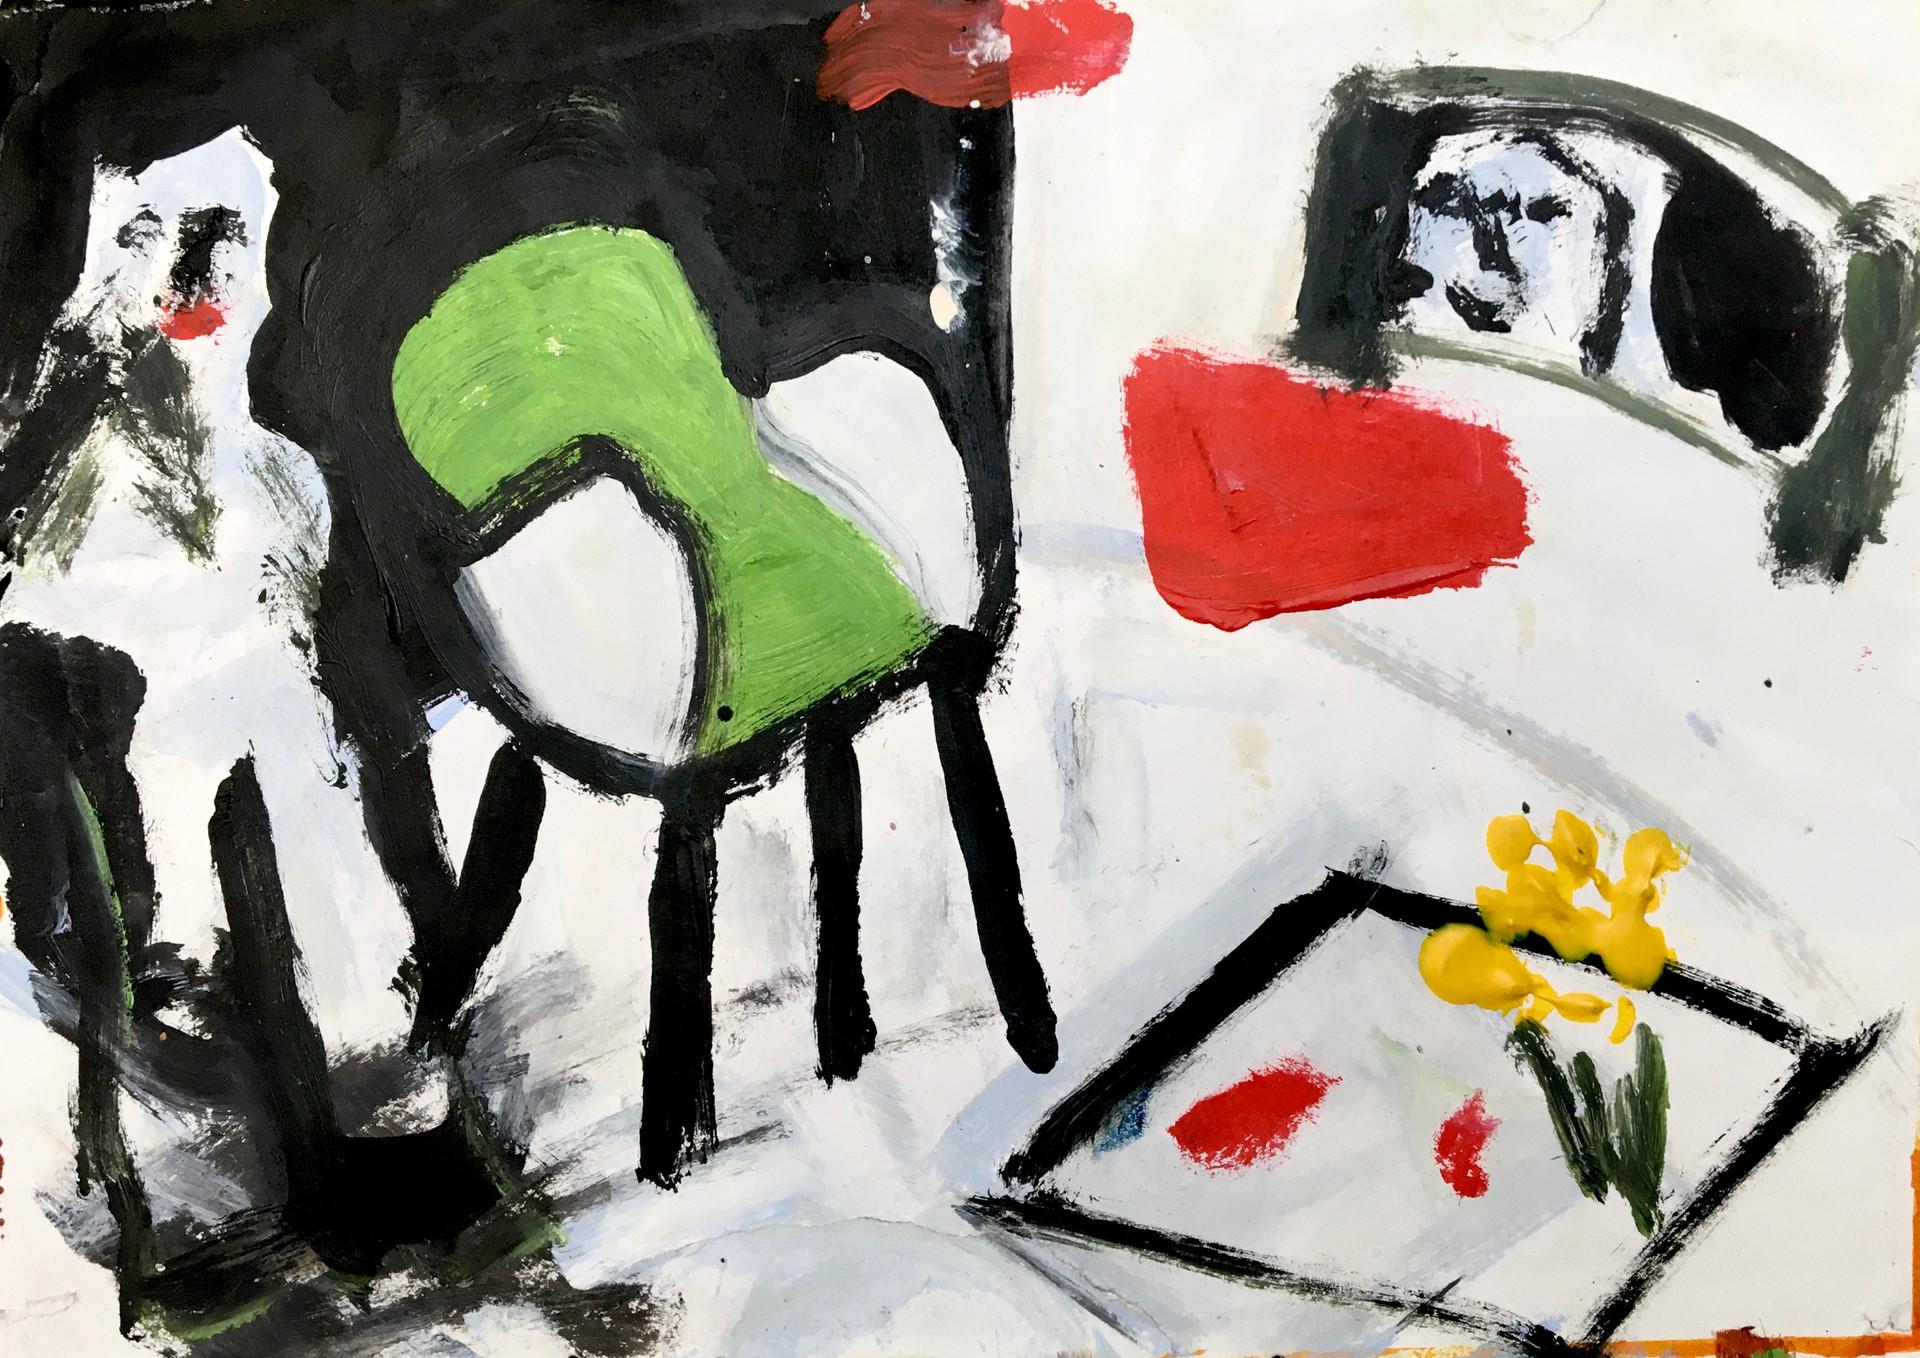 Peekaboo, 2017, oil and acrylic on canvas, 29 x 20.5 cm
==
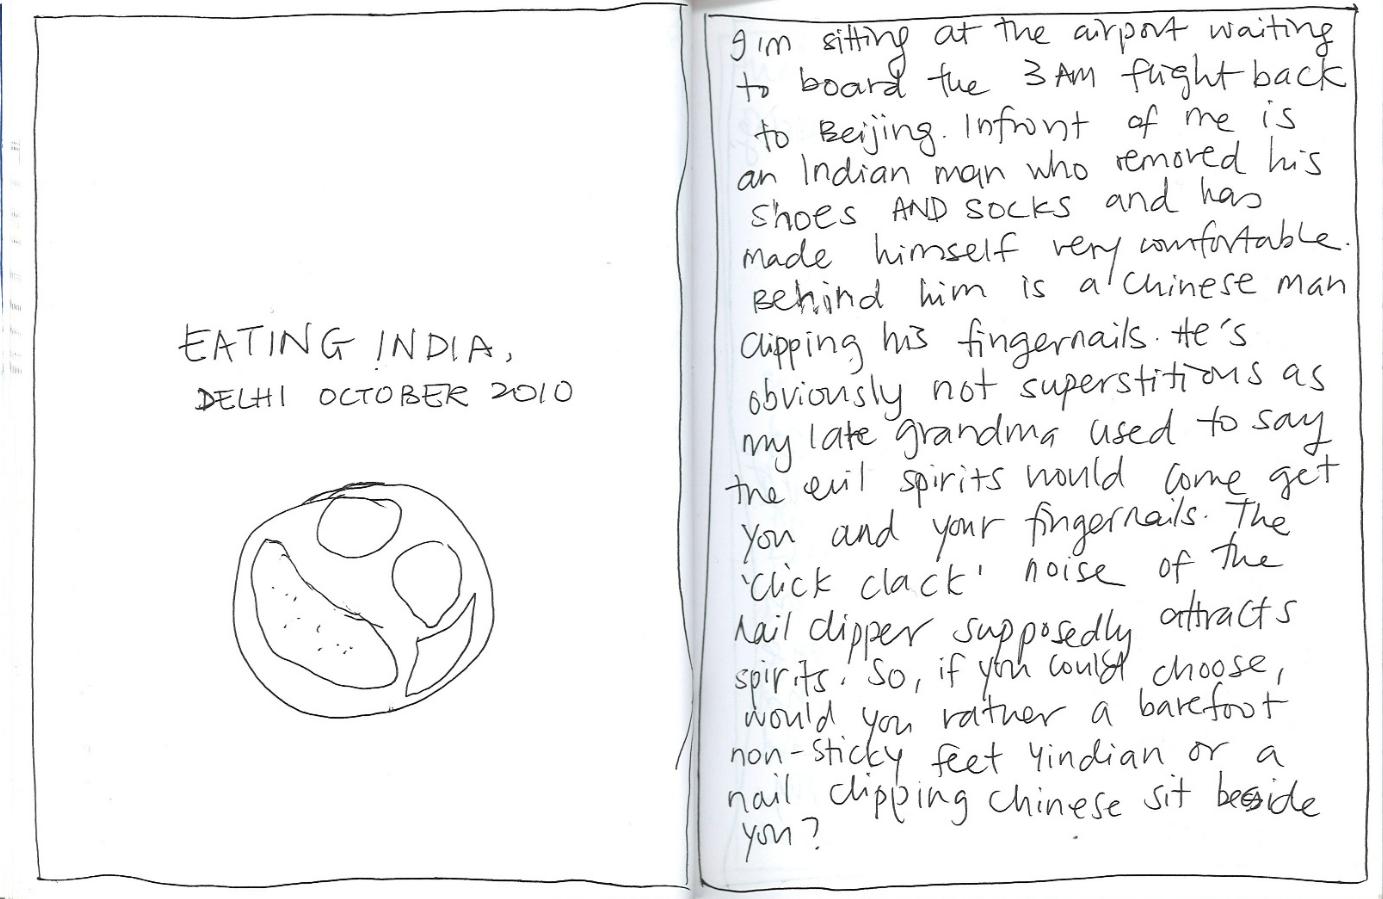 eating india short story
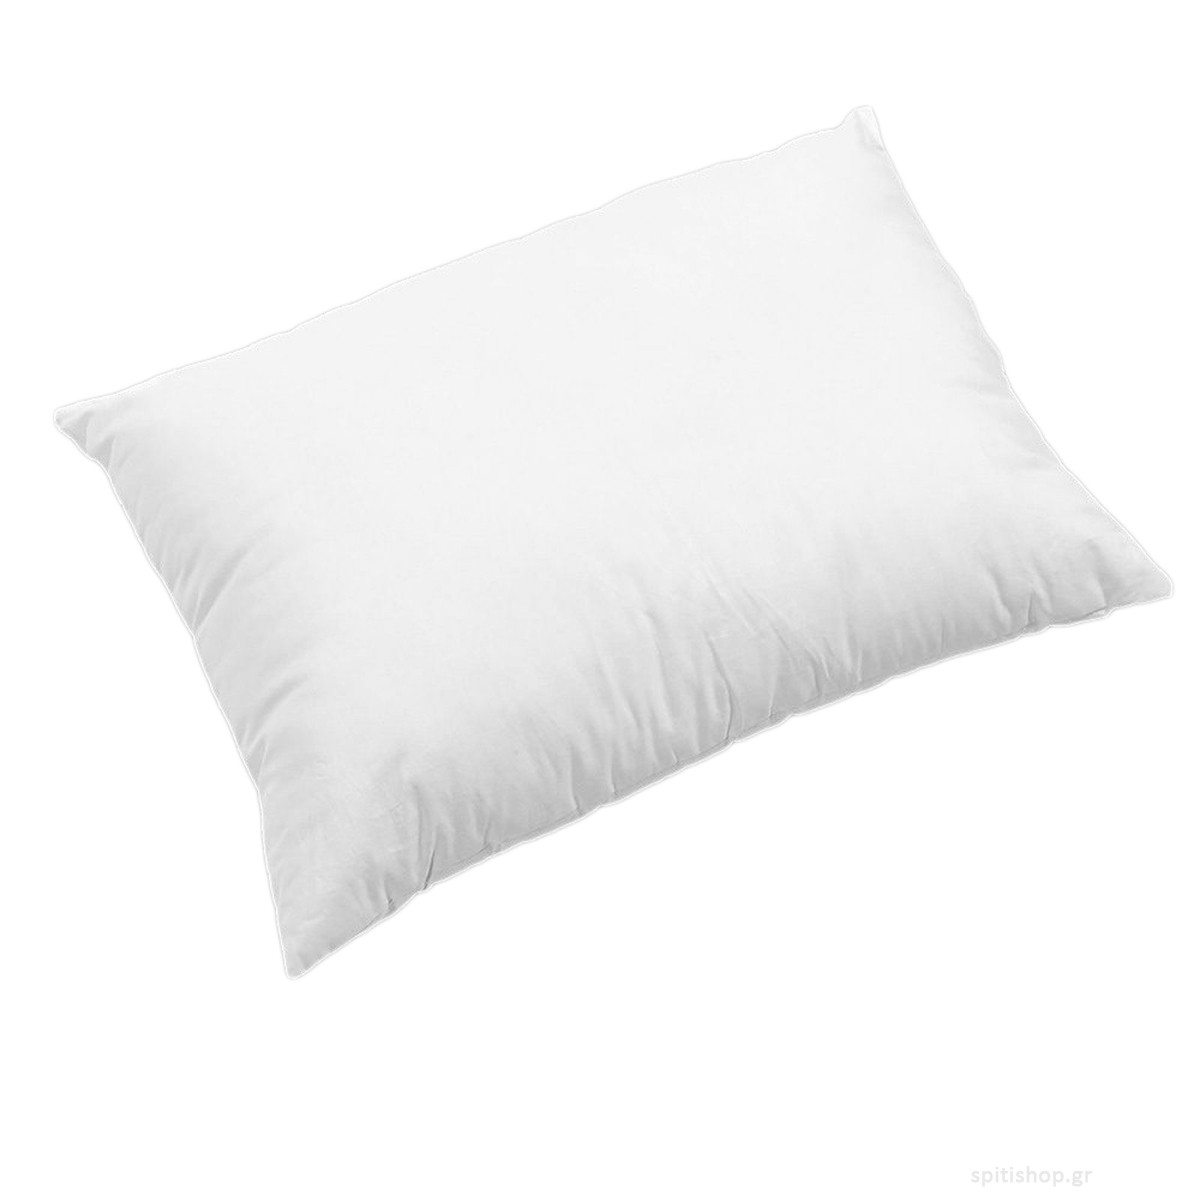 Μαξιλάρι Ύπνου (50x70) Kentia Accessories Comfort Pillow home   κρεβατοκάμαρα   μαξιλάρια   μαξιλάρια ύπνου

◆ Work item ◆
Return word for word the lines of the listing above, starting at the line with "eating india short story" and ending at the line with "Μαξιλάρι Ύπνου (50x70)", both included. Pictures do not belong in the copy.

◆ Solution for this task ◆
 eating india short story
 Μαξιλάρι Ύπνου (50x70) Kentia Accessories Comfort Pillow home   κρεβατοκάμαρα   μαξιλάρια   μαξιλάρια ύπνου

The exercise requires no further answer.